_Exercise:_ All of the data goes into your copy exactly as written. Images do not.

_Recorded data:_
........
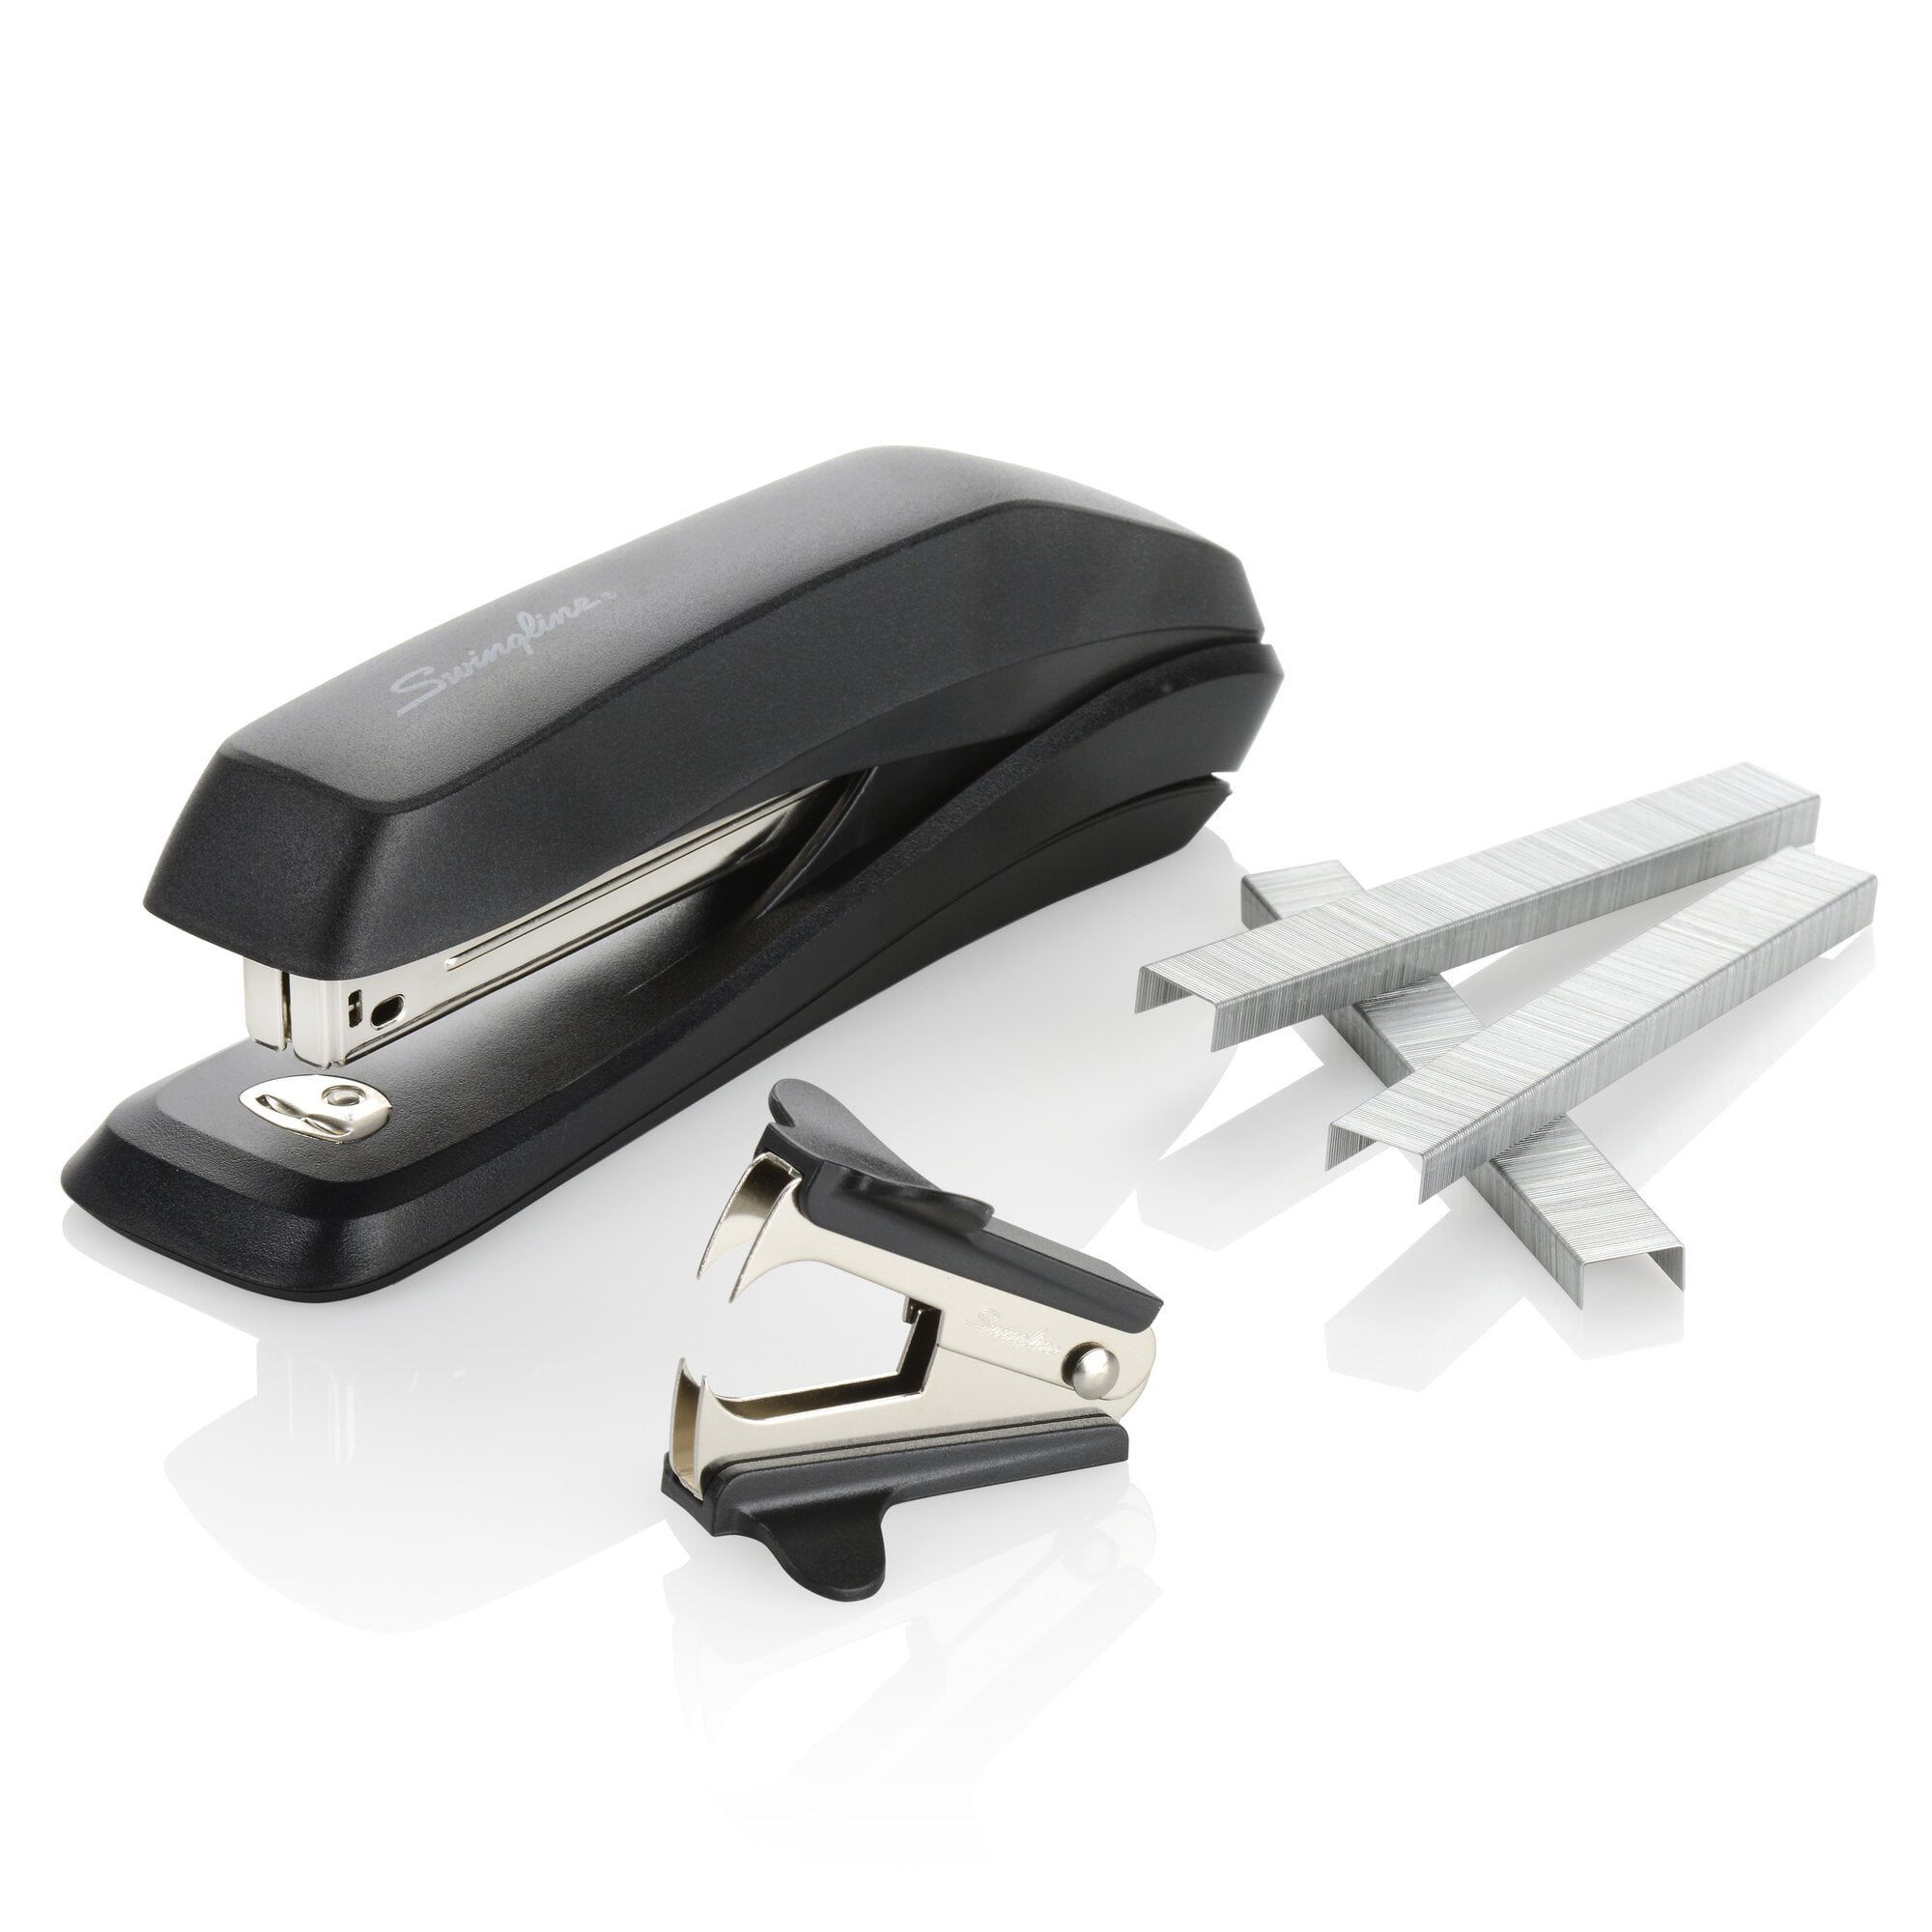 Swingline Standard Desk Stapler Bonus Pack w/ Remover and staples - Blue  74711545679
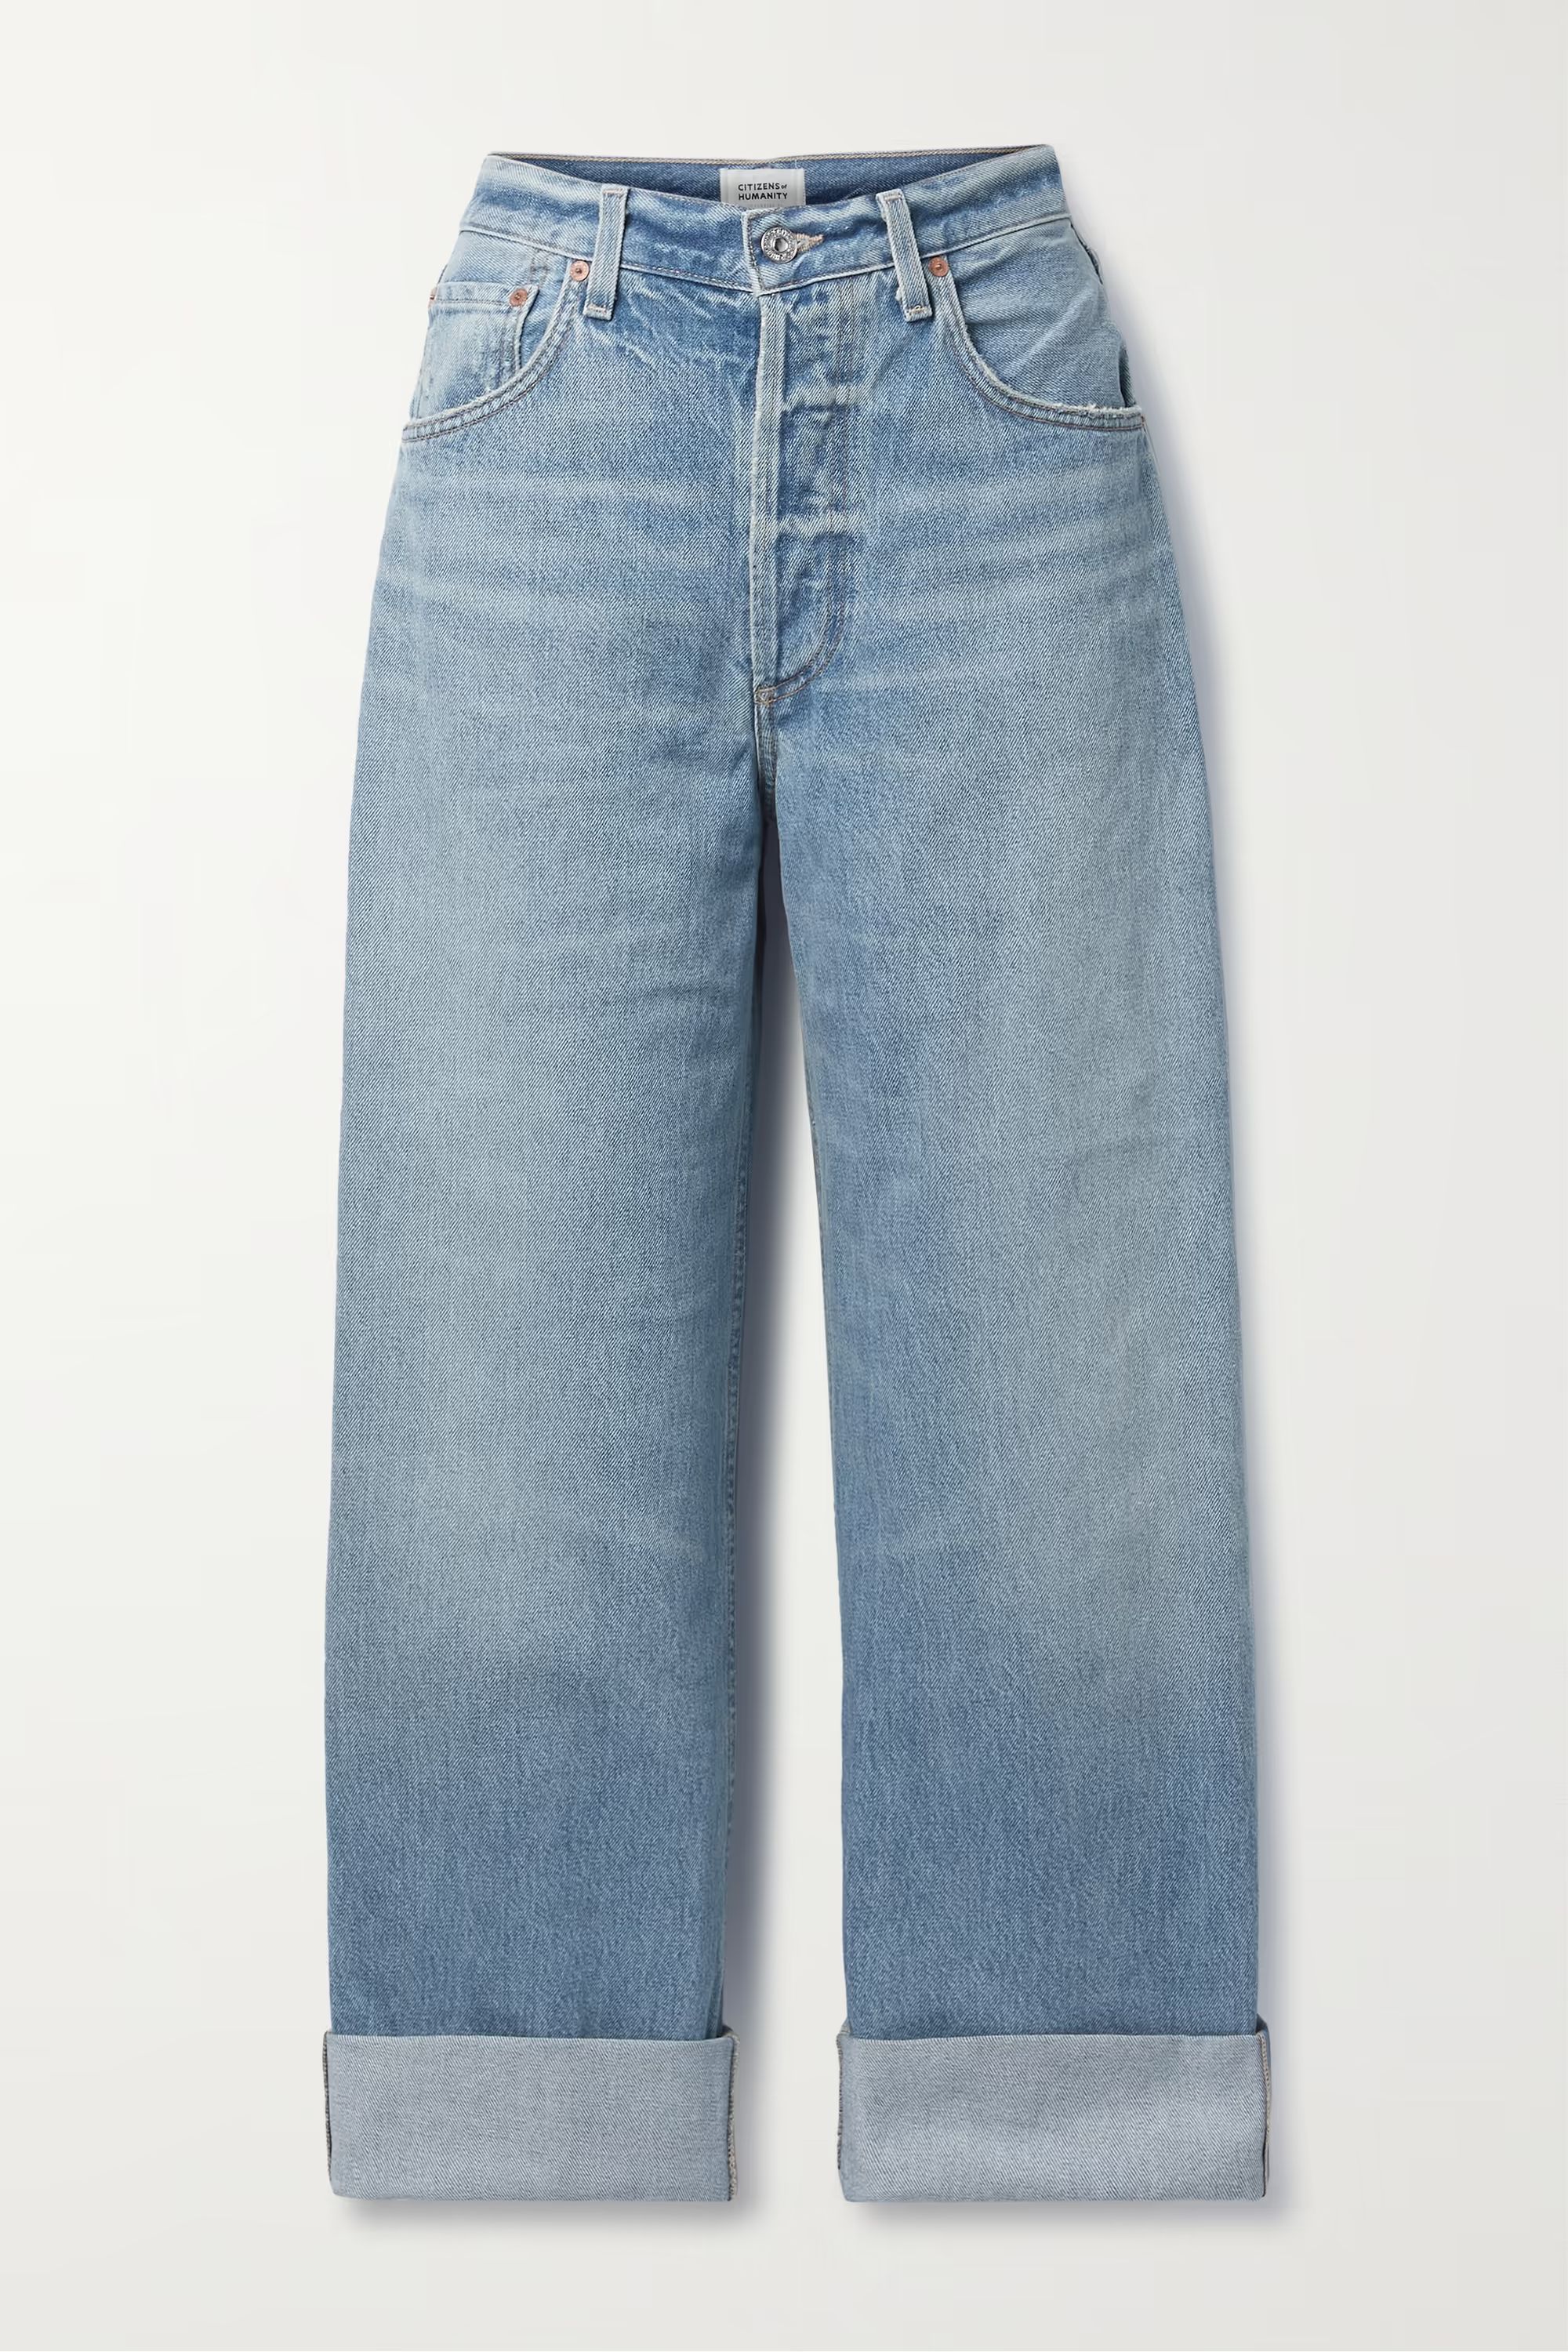 + NET SUSTAIN Ayla high-rise wide-leg organic jeans | NET-A-PORTER (US)
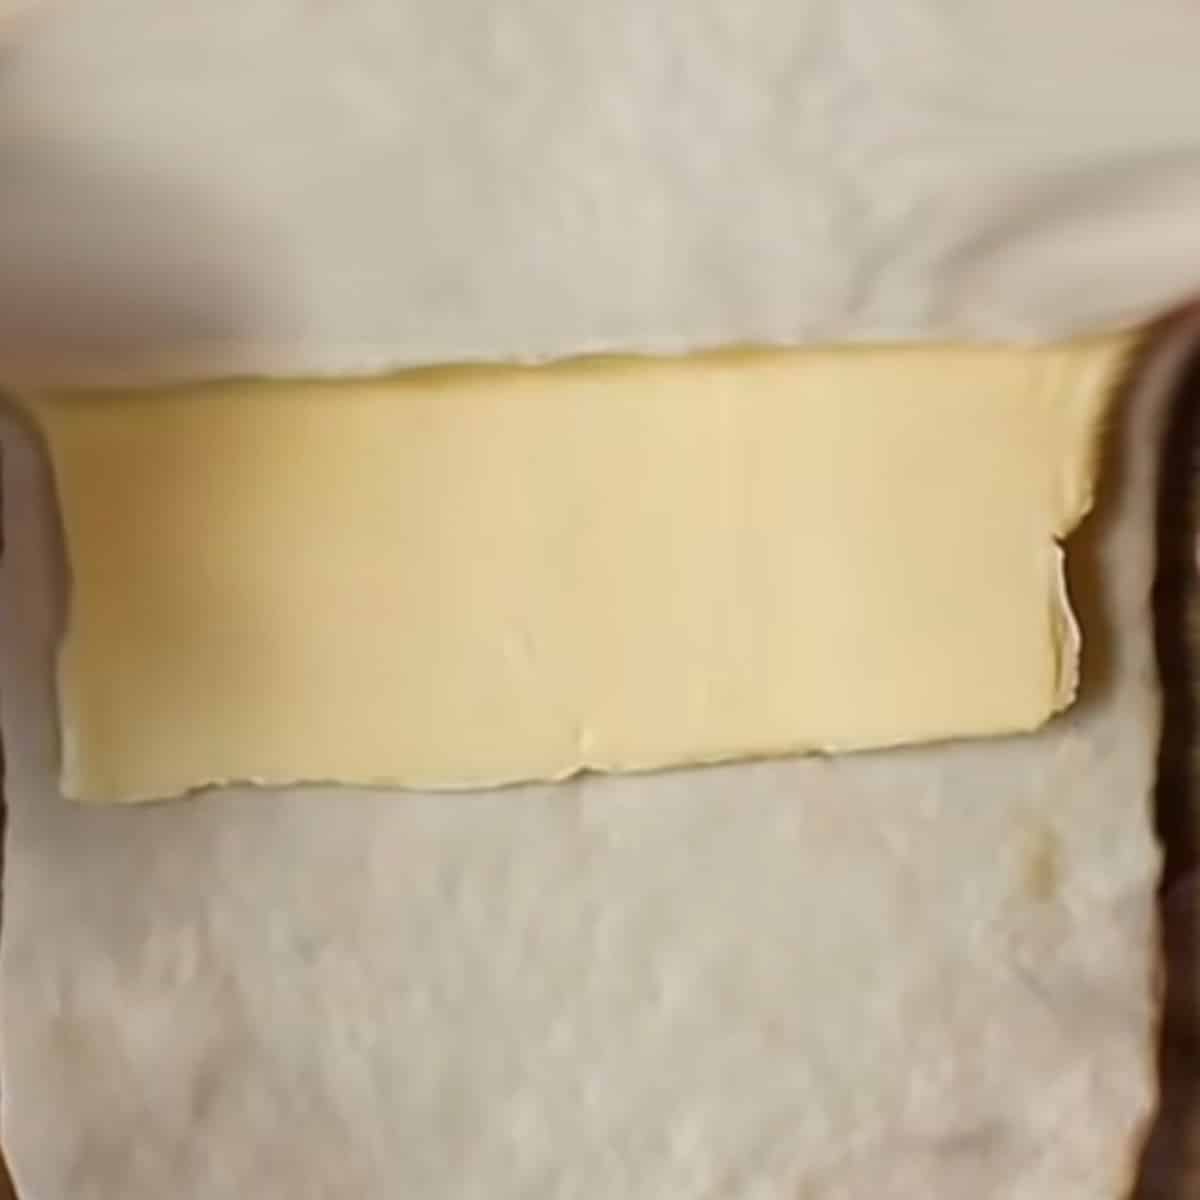 colocando a manteiga dentro da massa
........
_Result:_
 Swingline Standard Desk Stapler Bonus Pack w/ Remover and staples - Blue  74711545679
 + NET SUSTAIN Ayla high-rise wide-leg organic jeans | NET-A-PORTER (US)
 colocando a manteiga dentro da massa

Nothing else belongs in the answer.